**EXERCISE REQUIREMENTS**
Skip the images and copy each record exactly as written.

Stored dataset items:

· · ·

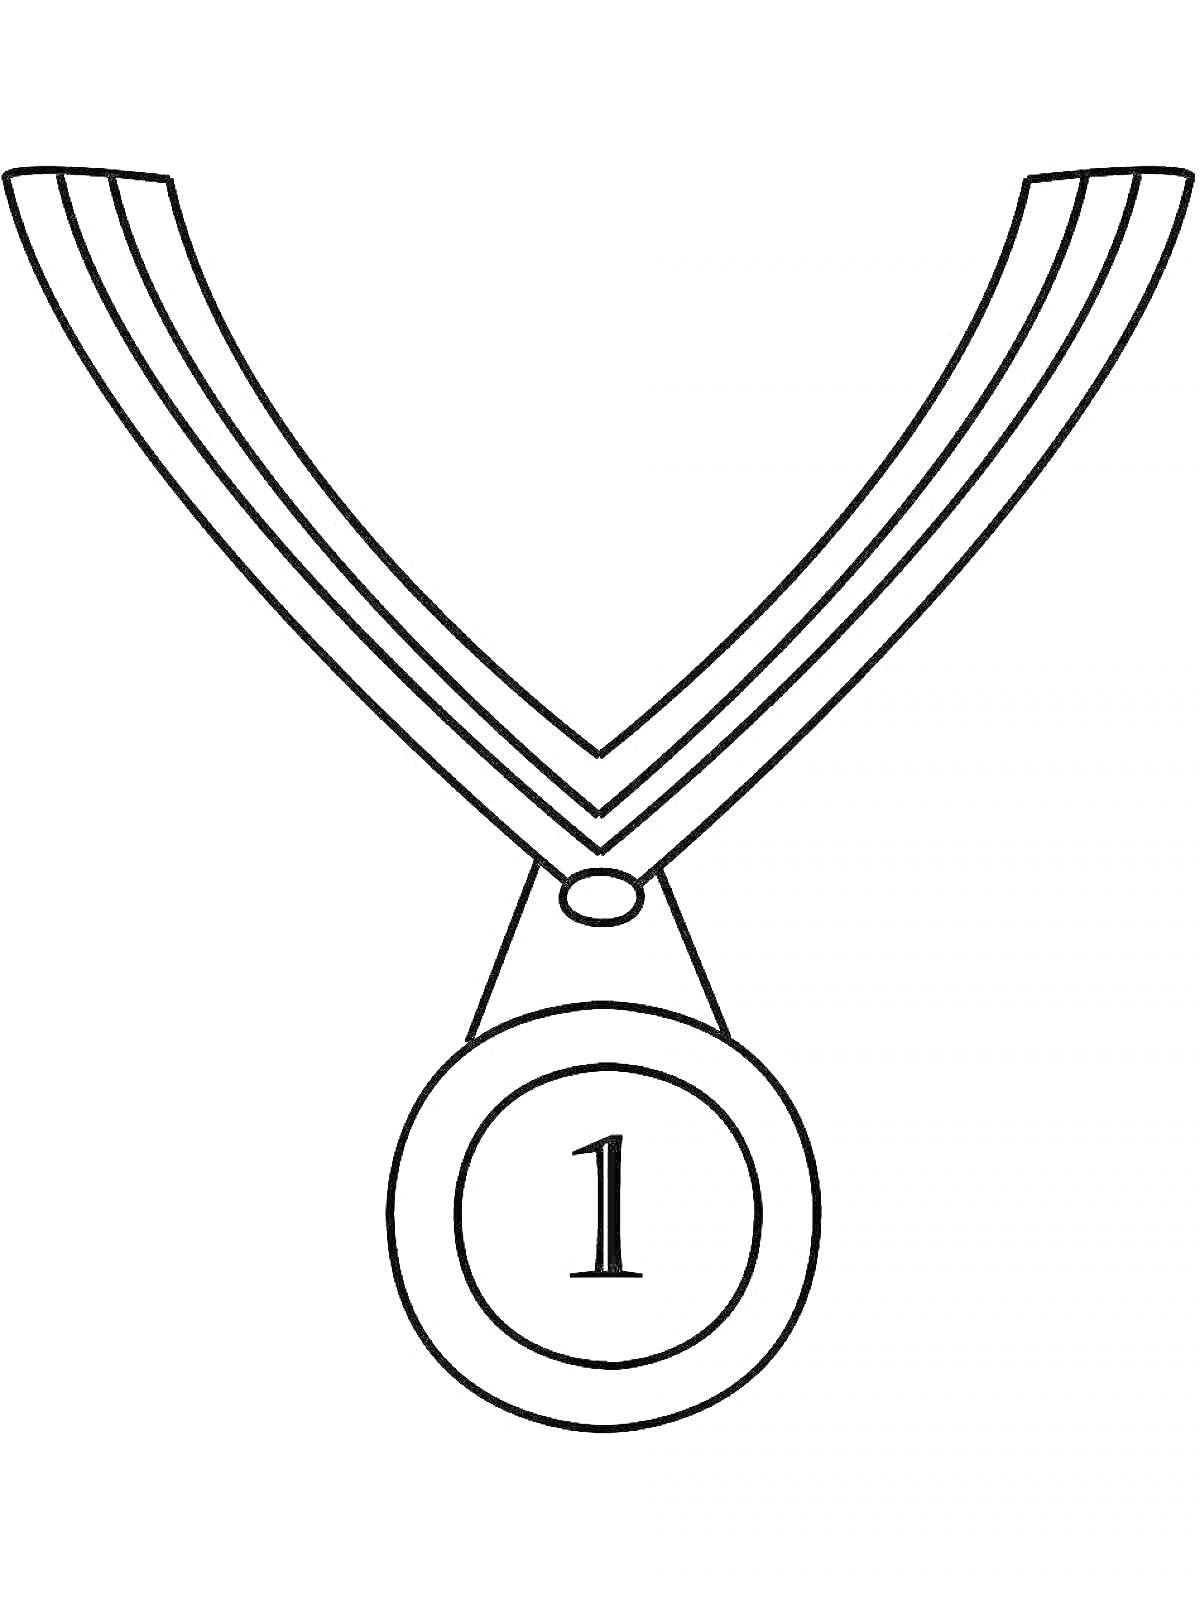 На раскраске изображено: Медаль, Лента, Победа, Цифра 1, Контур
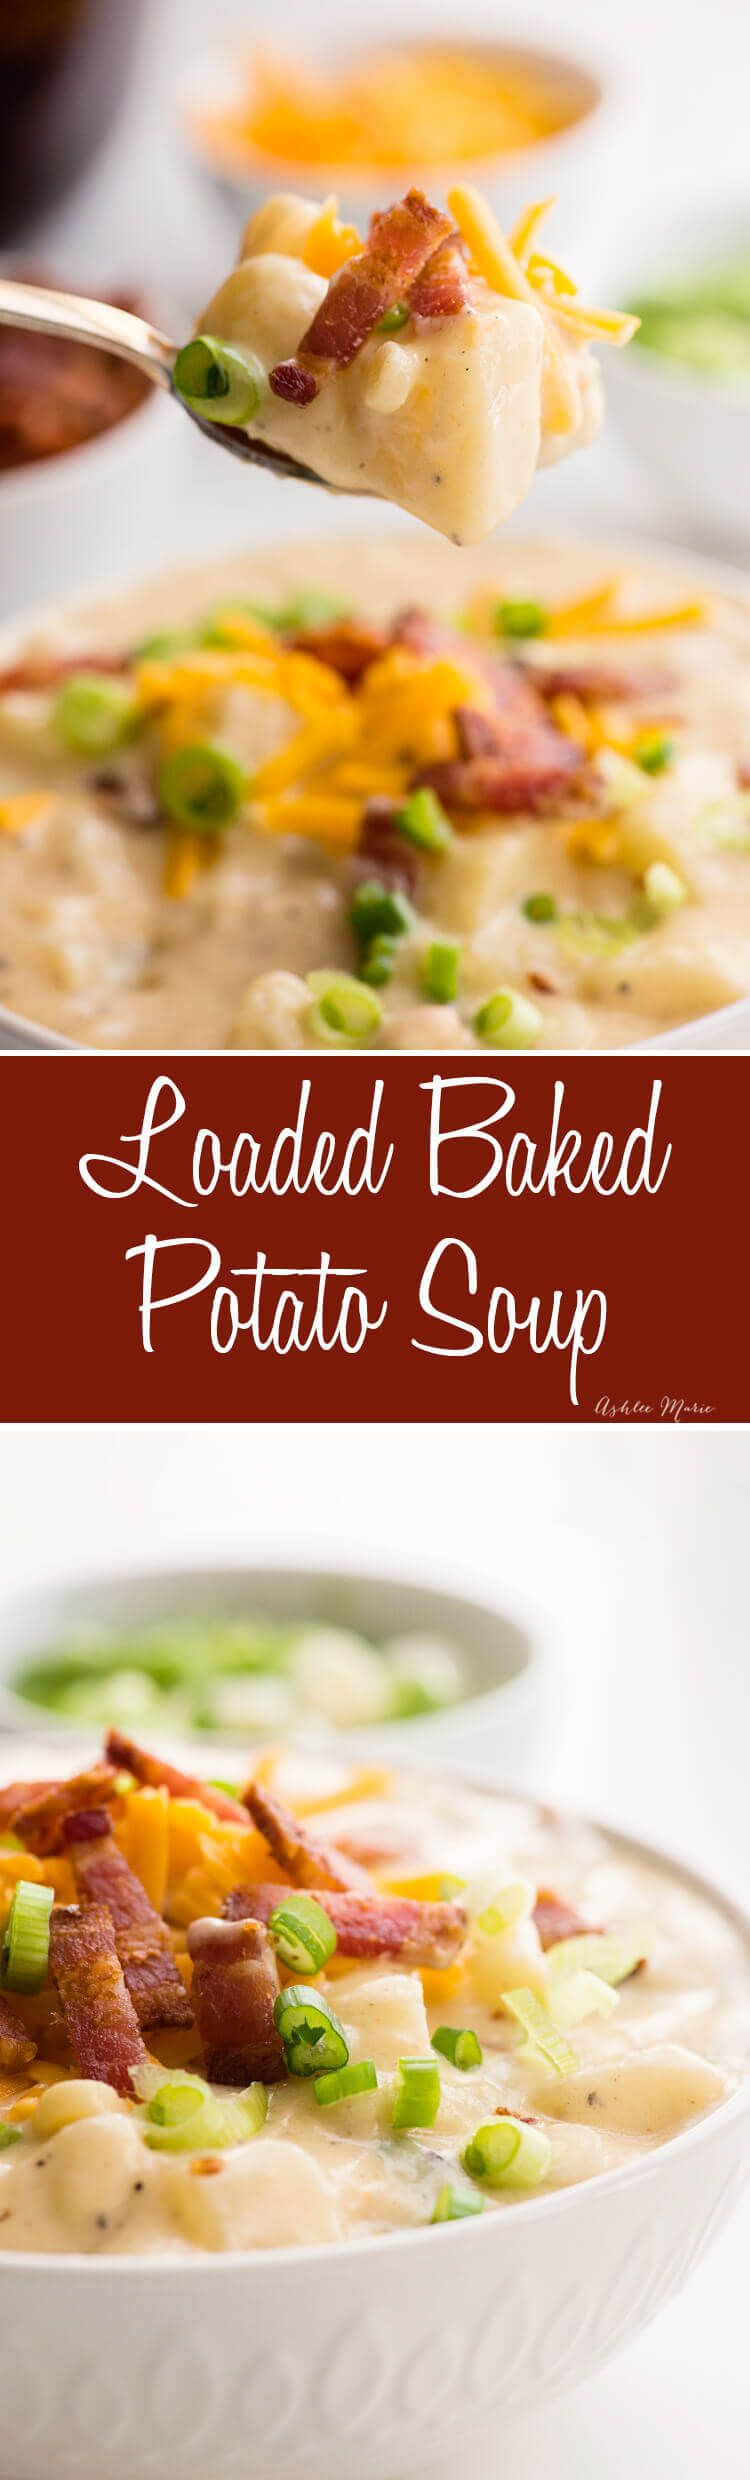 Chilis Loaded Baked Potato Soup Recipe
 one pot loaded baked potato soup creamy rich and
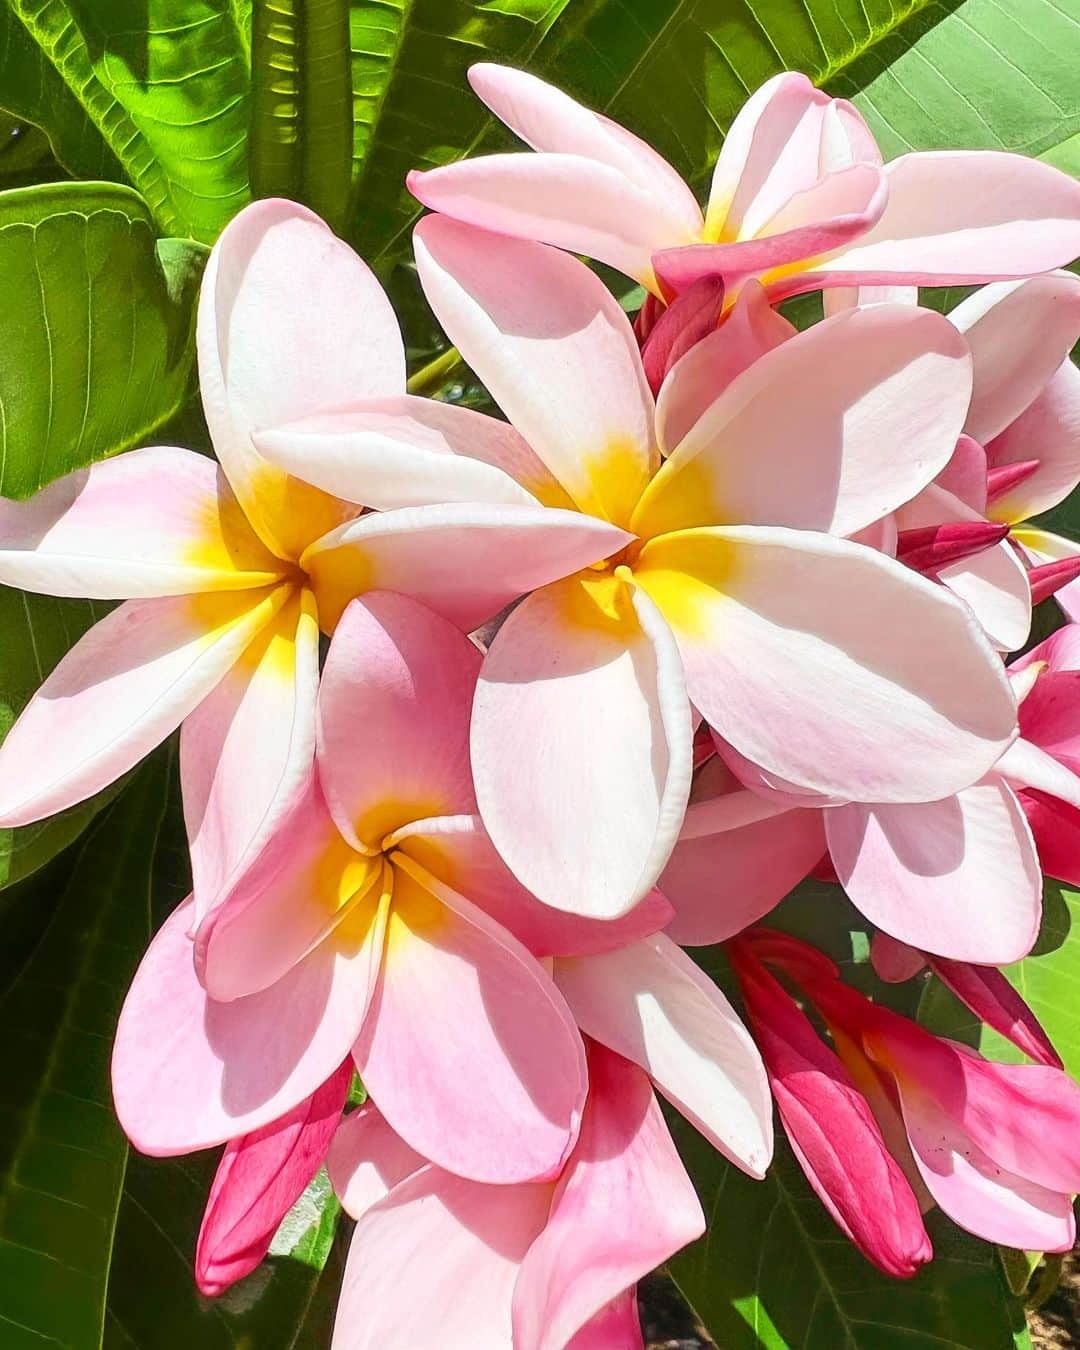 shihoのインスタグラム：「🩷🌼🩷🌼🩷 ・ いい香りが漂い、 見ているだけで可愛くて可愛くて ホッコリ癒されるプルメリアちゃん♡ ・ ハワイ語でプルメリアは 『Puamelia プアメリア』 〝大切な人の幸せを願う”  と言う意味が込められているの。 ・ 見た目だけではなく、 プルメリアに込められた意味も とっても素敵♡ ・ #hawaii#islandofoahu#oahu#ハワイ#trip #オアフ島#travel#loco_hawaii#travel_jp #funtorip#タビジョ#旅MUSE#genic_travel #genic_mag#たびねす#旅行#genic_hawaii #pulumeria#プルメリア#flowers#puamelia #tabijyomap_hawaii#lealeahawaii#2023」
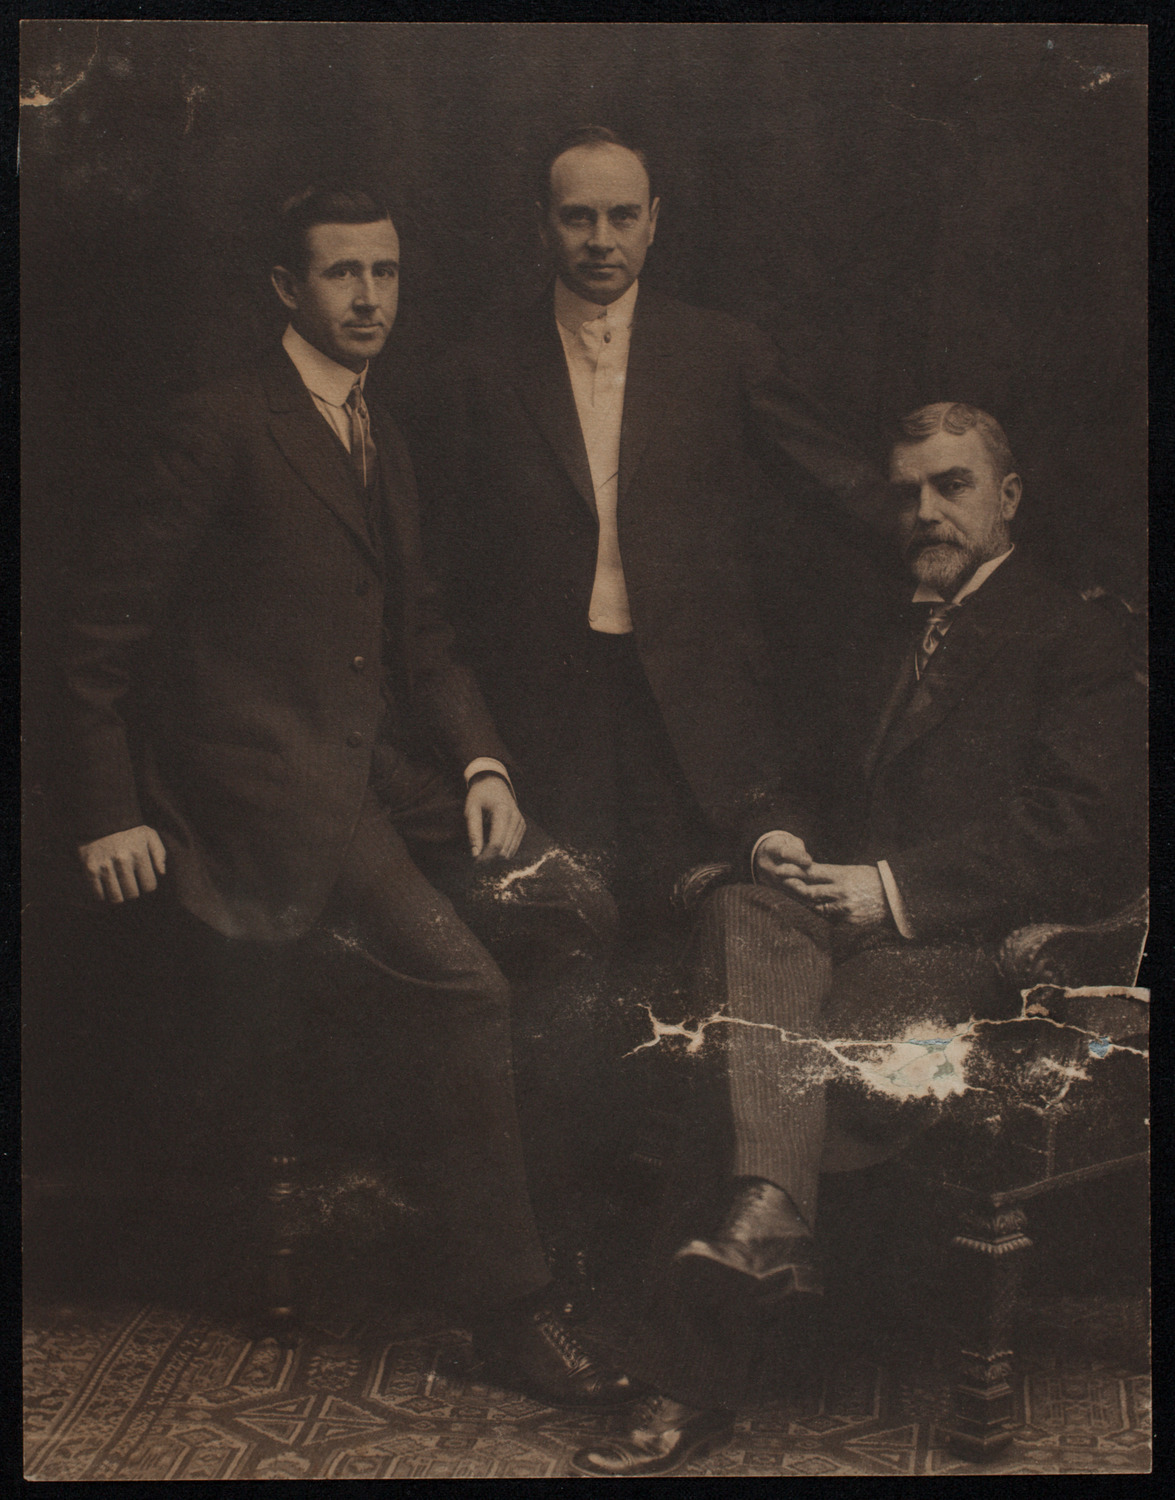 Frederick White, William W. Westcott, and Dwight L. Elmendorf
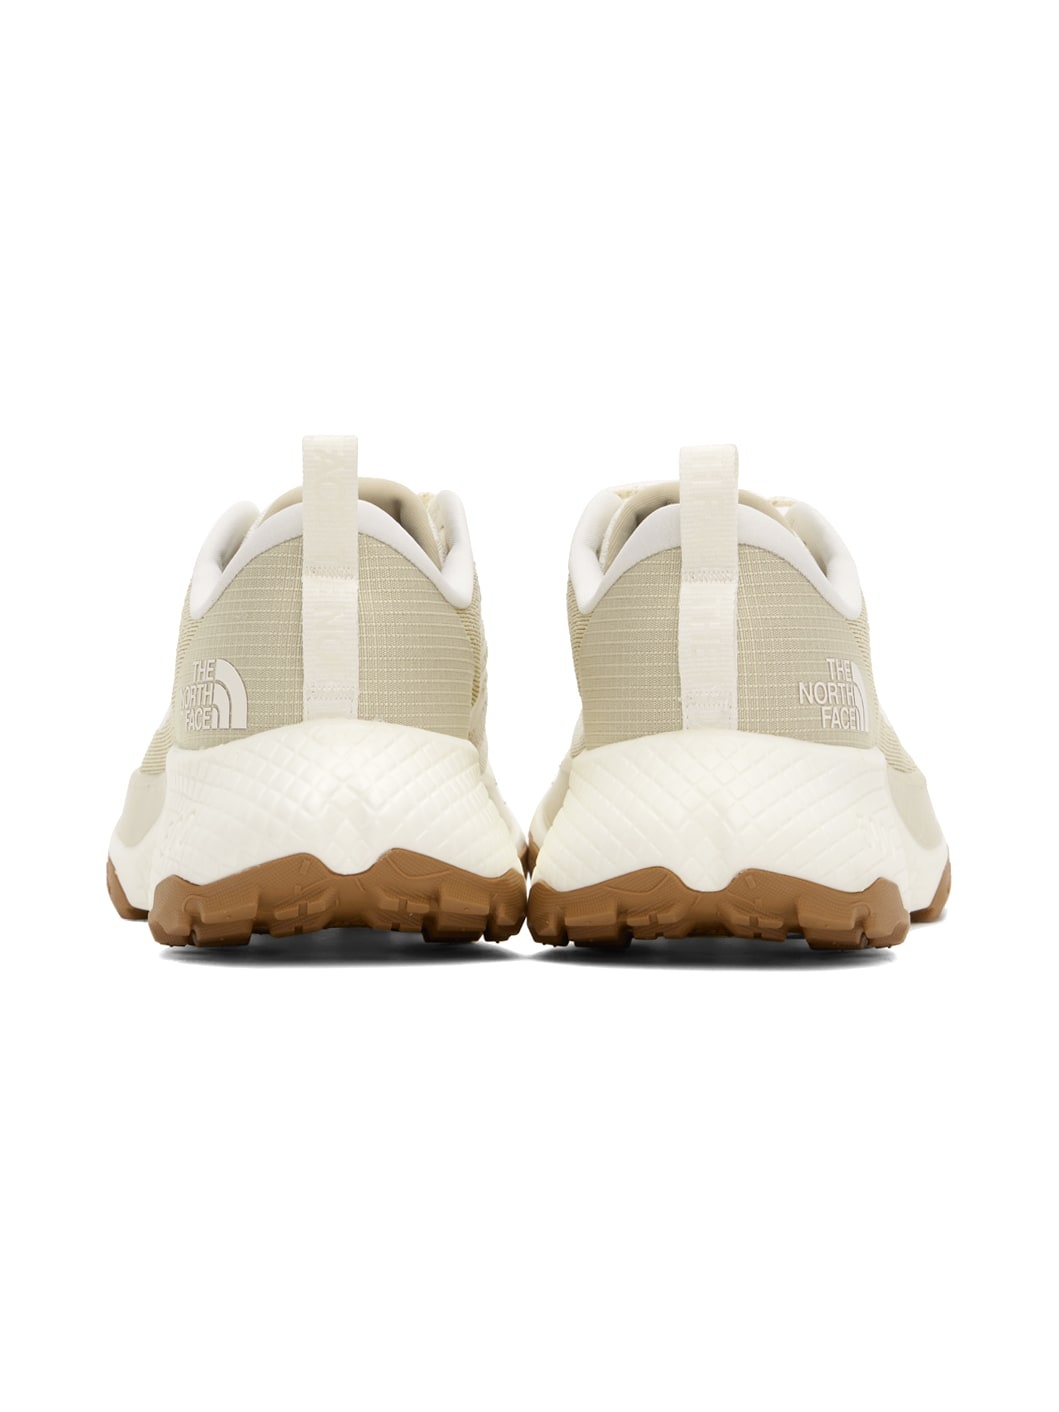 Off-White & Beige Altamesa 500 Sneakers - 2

· · ·

**TASK RESULT**
 На раскраске изображено: Медаль, Лента, Победа, Цифра 1, Контур
 Chilis Loaded Baked Potato Soup Recipe
 one pot loaded baked potato soup creamy rich and
 shihoのインスタグラム：「🩷🌼🩷🌼🩷 ・ いい香りが漂い、 見ているだけで可愛くて可愛くて ホッコリ癒されるプルメリアちゃん♡ ・ ハワイ語でプルメリアは 『Puamelia プアメリア』 〝大切な人の幸せを願う”  と言う意味が込められているの。 ・ 見た目だけではなく、 プルメリアに込められた意味も とっても素敵♡ ・ #hawaii#islandofoahu#oahu#ハワイ#trip #オアフ島#travel#loco_hawaii#travel_jp #funtorip#タビジョ#旅MUSE#genic_travel #genic_mag#たびねす#旅行#genic_hawaii #pulumeria#プルメリア#flowers#puamelia #tabijyomap_hawaii#lealeahawaii#2023」
 Frederick White, William W. Westcott, and Dwight L. Elmendorf
 Off-White & Beige Altamesa 500 Sneakers - 2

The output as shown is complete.